We know that in the DEM market 1/3 of the traders are efficient and in the REP market 1/4 of the traders are efficient. These proportions are also the case for the subset of traders that are in both markets.

In [15]:
joint_classifications.efficiency_dem.value_counts() / common_trader_count

Inefficient   0.6675
Efficient     0.3325
Name: efficiency_dem, dtype: float64

In [16]:
joint_classifications.efficiency_rep.value_counts() / common_trader_count

Inefficient   0.7517
Efficient     0.2483
Name: efficiency_rep, dtype: float64

To test the statistical significance of this we can do a monte-carlo simulation to see what the distribution would be if it were random.

Randomly sample two classifications (1 or 2) in two sets. In the first the probability of getting a 1 is 1/3, in the second it is 1/4.

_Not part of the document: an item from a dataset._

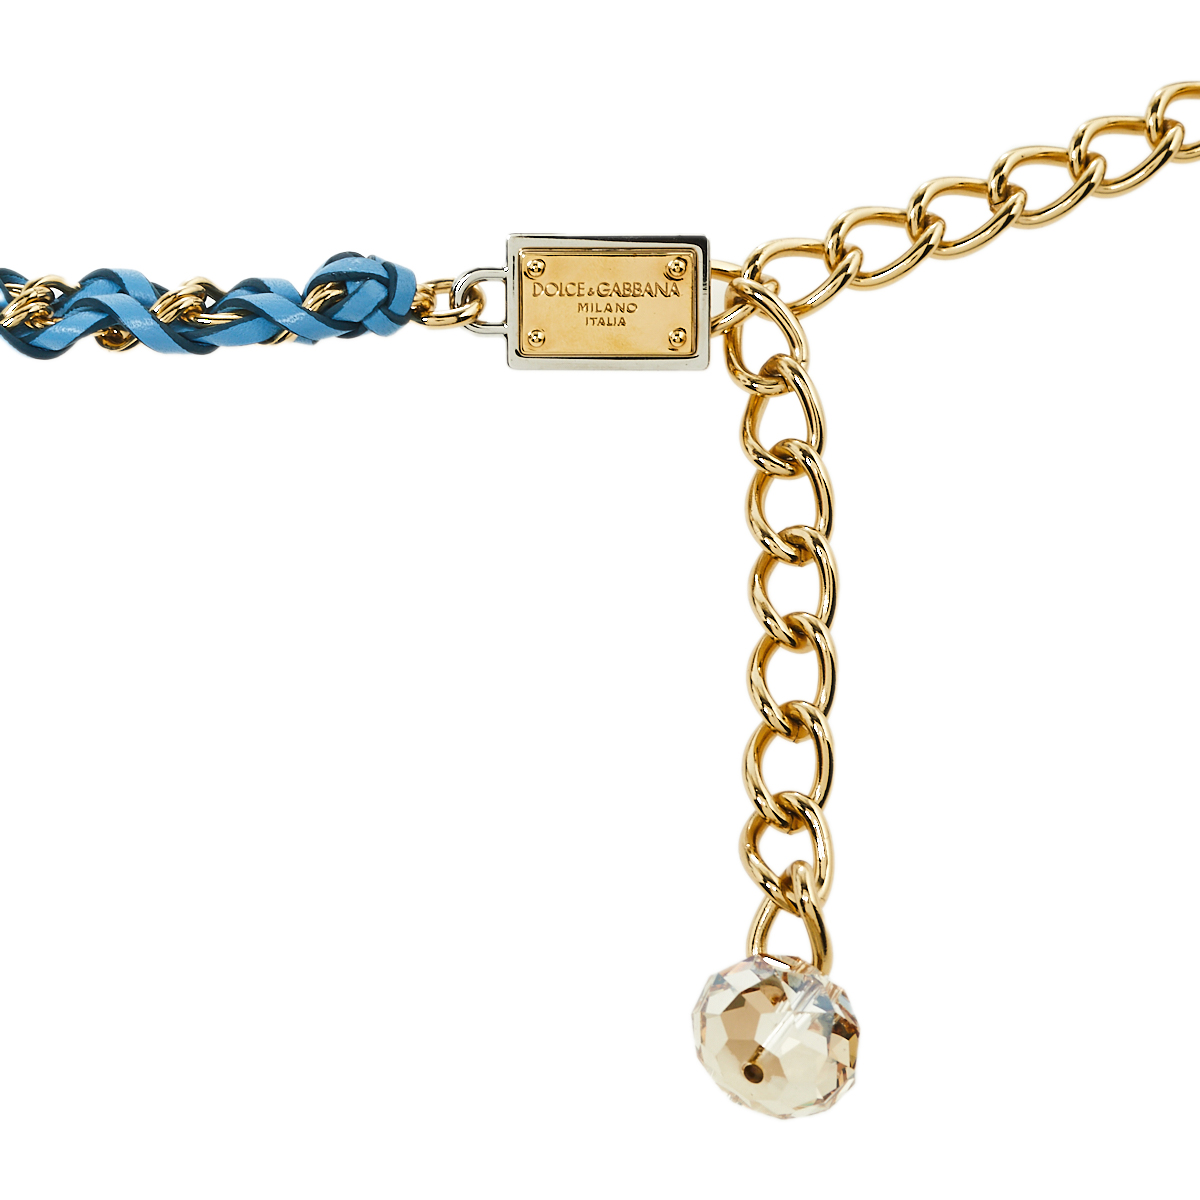 

Dolce & Gabbana Blue Braided Leather Gold Tone Chain Belt, Navy blue

We see that the mean is 58.3% with a standard deviation of 0.01.

In [17]:
n = 10000
a = np.random.choice([1, 2, 2], size=(common_trader_count, n))
b = np.random.choice([1, 2, 2, 2], size=(common_trader_count, n))

values = (a == b).sum(axis=0) / common_trader_count

m, s = values.mean(), values.std()

m, s

(0.58325763956904997, 0.010926909245103899)

This gives us a z-score of 6.7.

In [18]:
(val - m) / s

6.6772544318372828

Clearly this is statistically significant.